Legal basis and purpose of TRAC

  • Section 43(f) of Republic Act No. 9136 (the Electric Power Industry Reform Act of 2001 or EPIRA) requires rates that allow recovery of just and reasonable costs to enable distribution utilities to operate viably.
  • The ERC establishes the tax recovery adjustment mechanism to support transparent and reasonable electric power pricing under a regime of free and fair competition.
  • The tax recovery adjustment mechanism is designed to achieve greater operational and economic efficiency.
  • The mechanism is designed to ensure full recovery of all just and reasonable costs to enable ECs to operate viably.
  • The mechanism is designed to maintain the quality, reliability, security and affordability of electric power supply.
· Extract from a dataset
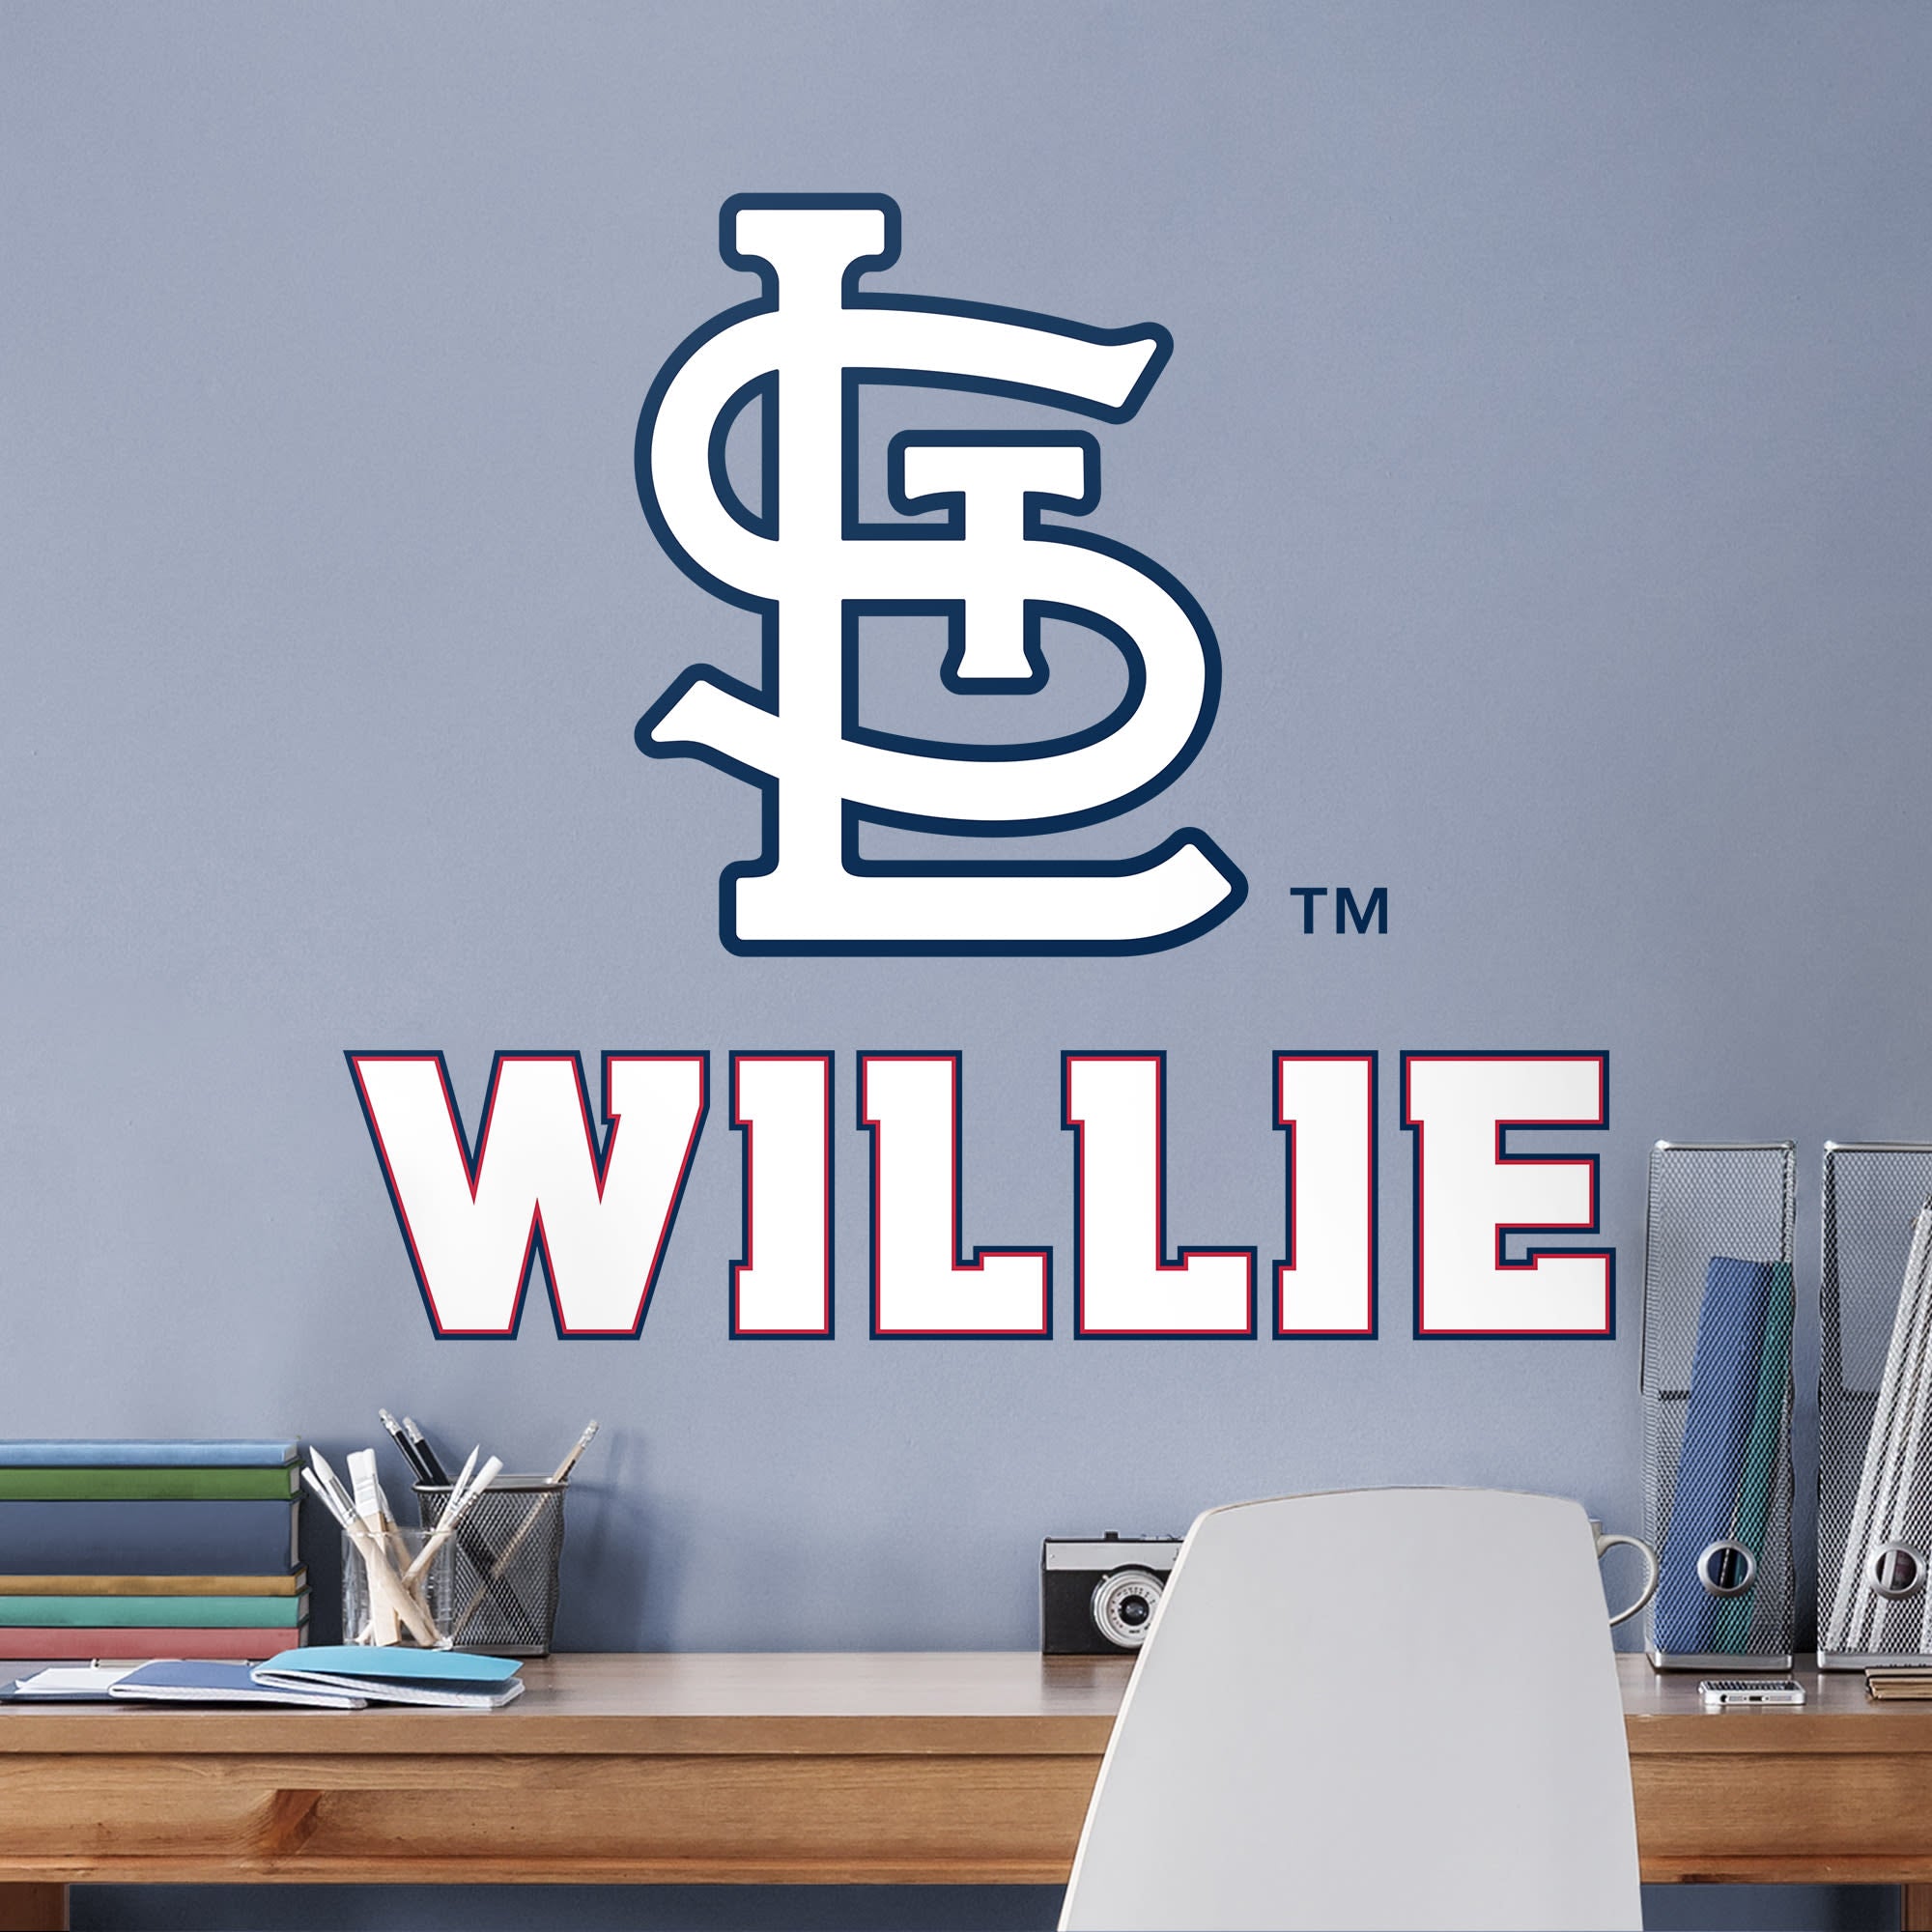 St. Louis Cardinals: "STL" Stacked Personalized Name - Officially Licensed MLB Transfer Decal in White (52"W x 39.5"H) by Fathea

Coverage: who must use the mechanism

  • The Guidelines apply to all Electric Cooperatives (ECs) registered under Presidential Decree No. 269 where local franchise and business taxes are levied within their franchise area.
  • The mechanism covers EC recovery of local franchise tax and business tax imposed by local government units (LGUs) within an EC’s franchise territory.

Key definitions for calculations

  • “Act” means Republic Act No. 9136 (EPIRA).
  • “Energy Regulatory Commission or ERC” means the regulatory agency created under Section 38 of the Act.
  • “Electric Cooperatives or ECs” means distribution utilities organized and incorporated under Presidential Decree No. 269, as amended by Presidential Decree No. 1645 and Republic Act No. 6938 (the Cooperative Code of the Philippines).
  • “Gross Receipts” means the total amount paid for distribution charges; for these Guidelines, gross receipt refers to total distribution-charge amounts from the time the unbundled rates were approved, or otherwise the total customer bill excluding receipts from NPC/TransCO and universal charges.
  • “Distribution Charges” means distribution, supply, metering, and other charges/adjustments, including subsidy on lifeline charge, lifeline subsidy discount, and inter class cross subsidy charge.
  • “Local Franchise Tax Rate” means the franchise tax rate imposed by provinces and cities on businesses enjoying a franchise under Sections 137 and 151 of Republic Act No. 7160 (the Local Government Code of 1991).
  • “Business Tax Rate” means the business tax rate imposed by cities and municipalities under Sections 143 and 151 of Republic Act No. 7160.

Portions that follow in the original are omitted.